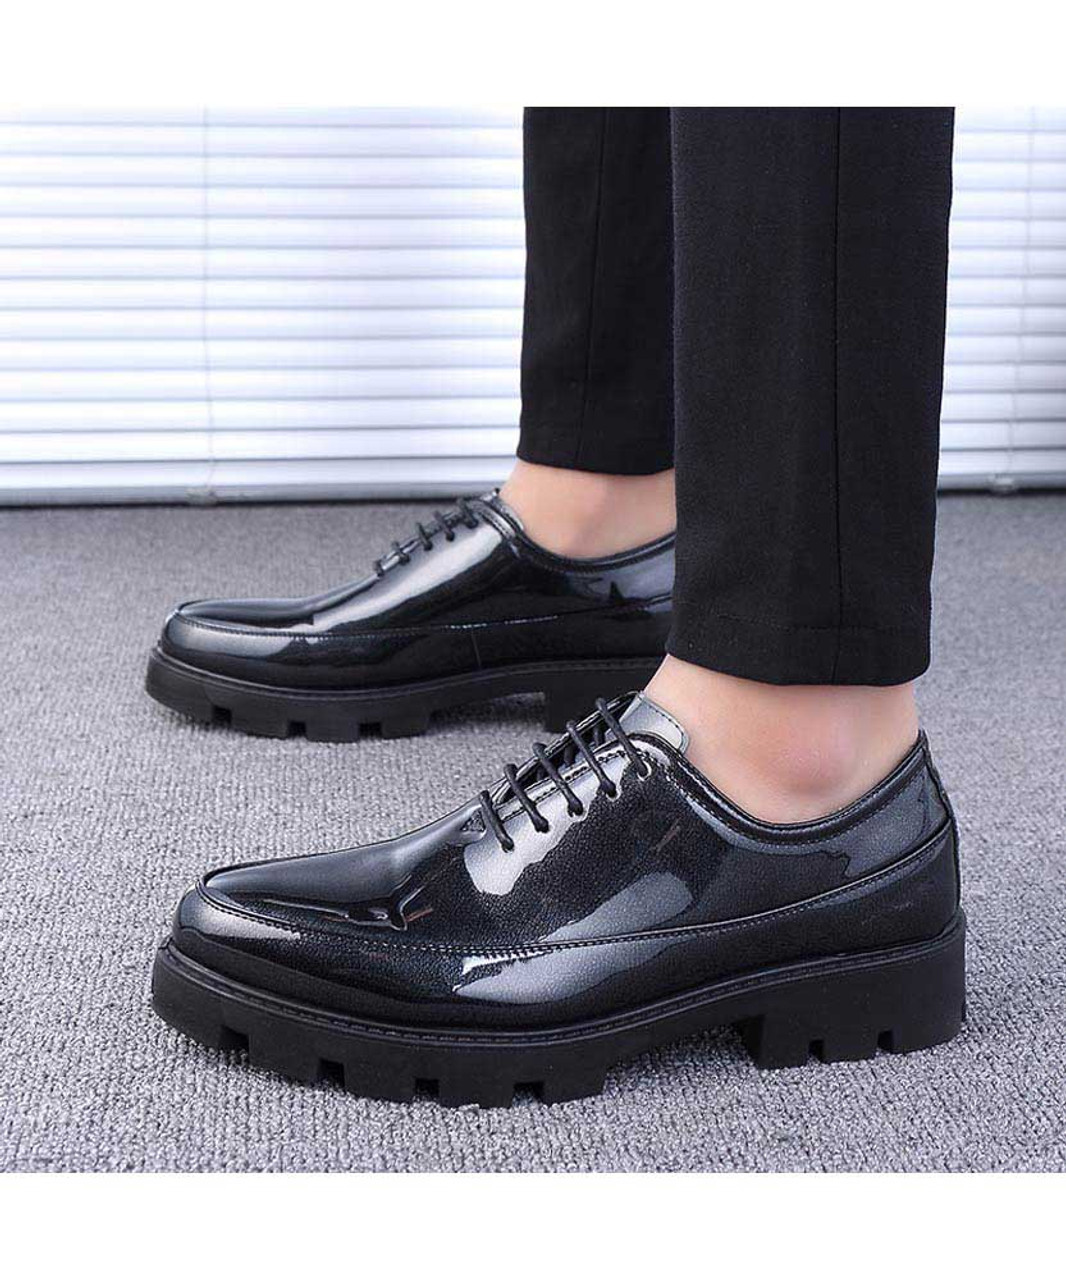 Black plain patent leather oxford dress shoe | Mens dress shoes online ...
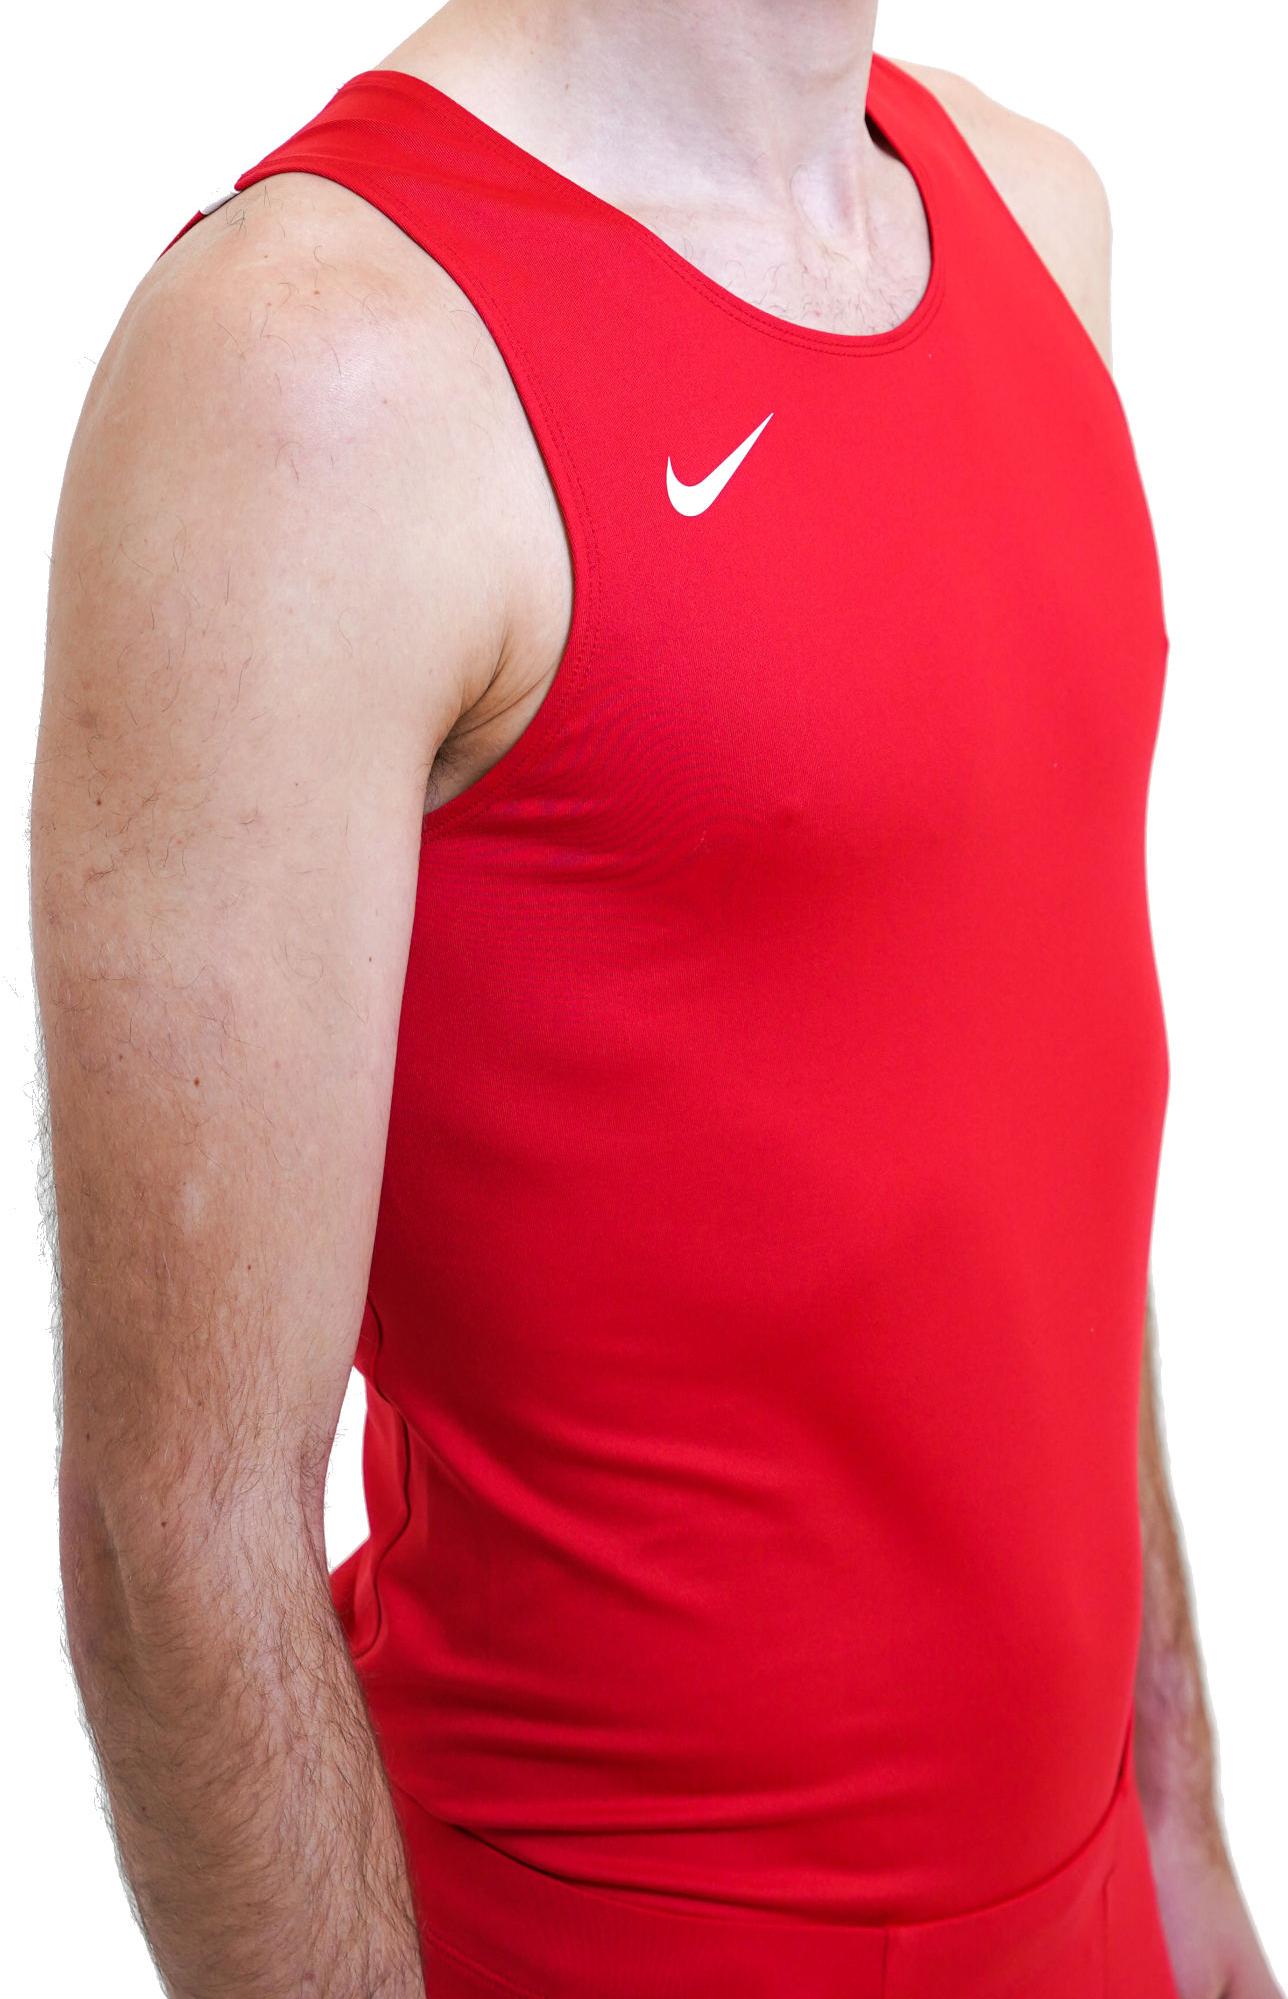 Débardeur Nike Muscle Stock pour Homme - NT0306-010 - Noir
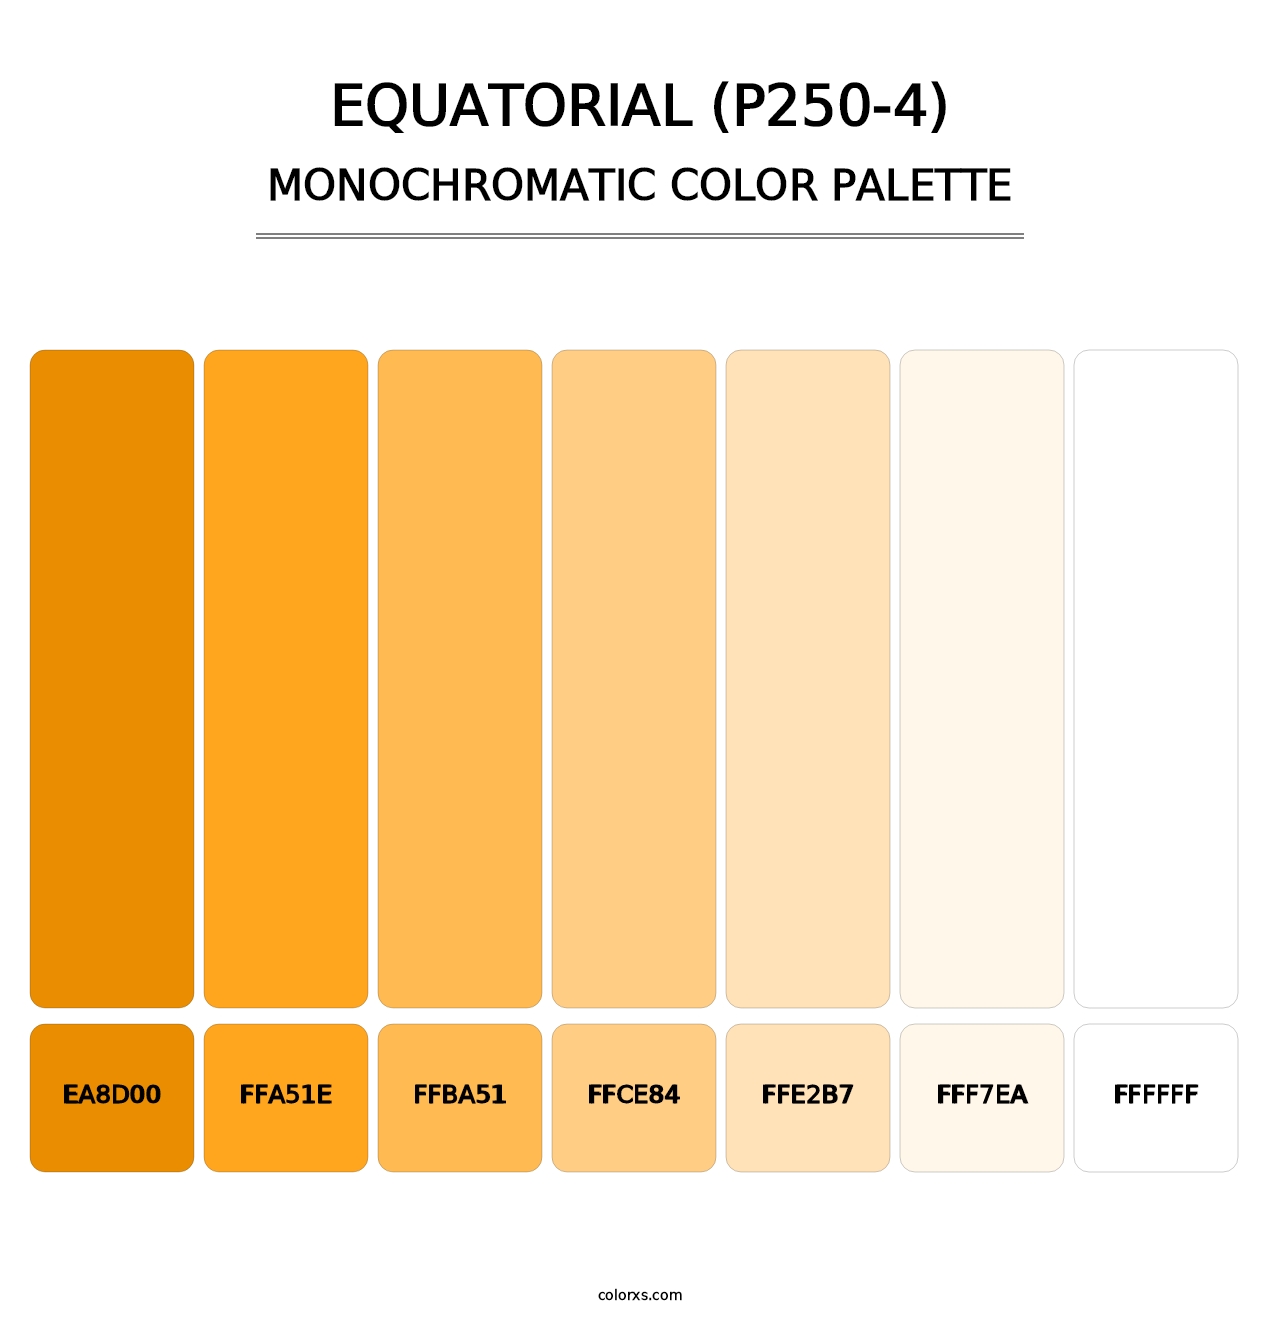 Equatorial (P250-4) - Monochromatic Color Palette

===============

What the task asks
With images left out, the data must be transcribed exactly.

Your solution
 Black plain patent leather oxford dress shoe | Mens dress shoes online ...
 Débardeur Nike Muscle Stock pour Homme - NT0306-010 - Noir
 Equatorial (P250-4) - Monochromatic Color Palette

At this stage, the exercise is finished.